Module `evaluation`

Function `_compute_roc_worker`

_compute_roc_worker(train_test_indices: list, seed: int, features: DataFrame, gt: DataFrame, patient_ids: list, model: LogisticRegression | RandomForestClassifier | Pipeline, calculate_feature_importances: bool = False) -> tuple

Worker function to compute ROC curve for a single cross-validation split.

Args: train_test_indices (list): List containing two arrays of indices for training and test sets in the format [train_indices, test_indices]. seed (int): Random seed for reproducibility when calculating feature importances. features (pd.Series): DataFrame containing feature values for all samples. gt (pd.DataFrame): DataFrame containing ground truth labels (0/1) for all samples. patient_ids (list): List of patient identifiers corresponding to each sample. model (Union[LogisticRegression, RandomForestClassifier, Pipeline]): Pre-trained sklearn model or pipeline to evaluate. Model will be cloned before fitting. calculate_feature_importances (bool, optional): If True, calculates permutation feature importance scores using the test set. Defaults to False.

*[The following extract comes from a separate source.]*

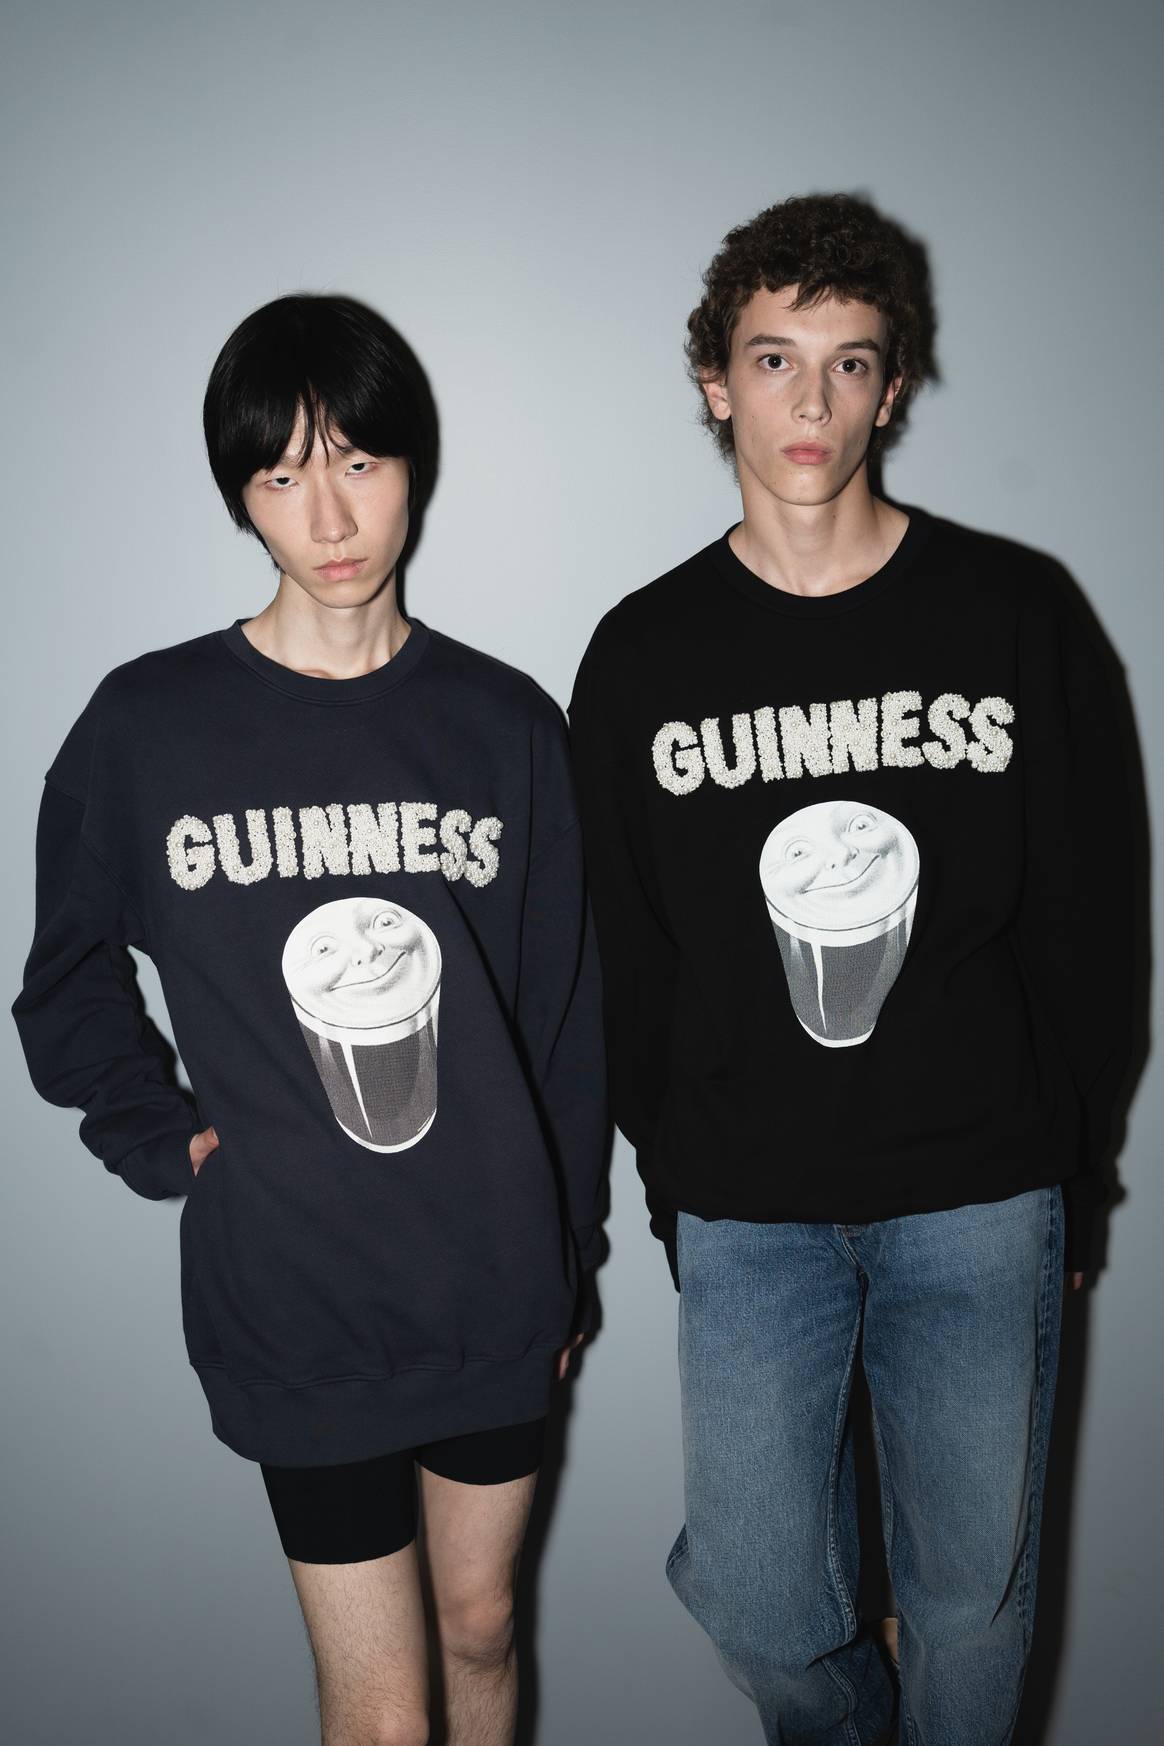 Guinness x JW Anderson ready-to-wear capsule collection

Returns: tuple: Tuple containing:

fpr (array): False positive rates for ROC curve
tpr (array): True positive rates for ROC curve
thresholds (array): Classification thresholds for ROC curve
roc_auc (float): Area under ROC curve
feature_importances (array or None): Mean permutation importance scores if calculated, None otherwise
misclassified (list): List of patient IDs for misclassified samples

Function `evaluate`

View Source

evaluate(csv: DataFrame, output_path: str, image_type: Literal[combined, t2, adc, dwi, verdict, mismo_adc, Any], feature_extraction_method: str, model: LogisticRegression | RandomForestClassifier | Pipeline, model_type: str, features_used: list, num_cv_repeats: int, num_cv_folds: int, num_workers: int, exclude_num_first_columns: int, use_individual_lesions: bool, plot_dict: dict[str, Any], clearml_logger: UnionType[Logger, None] = None) -> dict

Evaluate a pretrained machine learning model on medical imaging data.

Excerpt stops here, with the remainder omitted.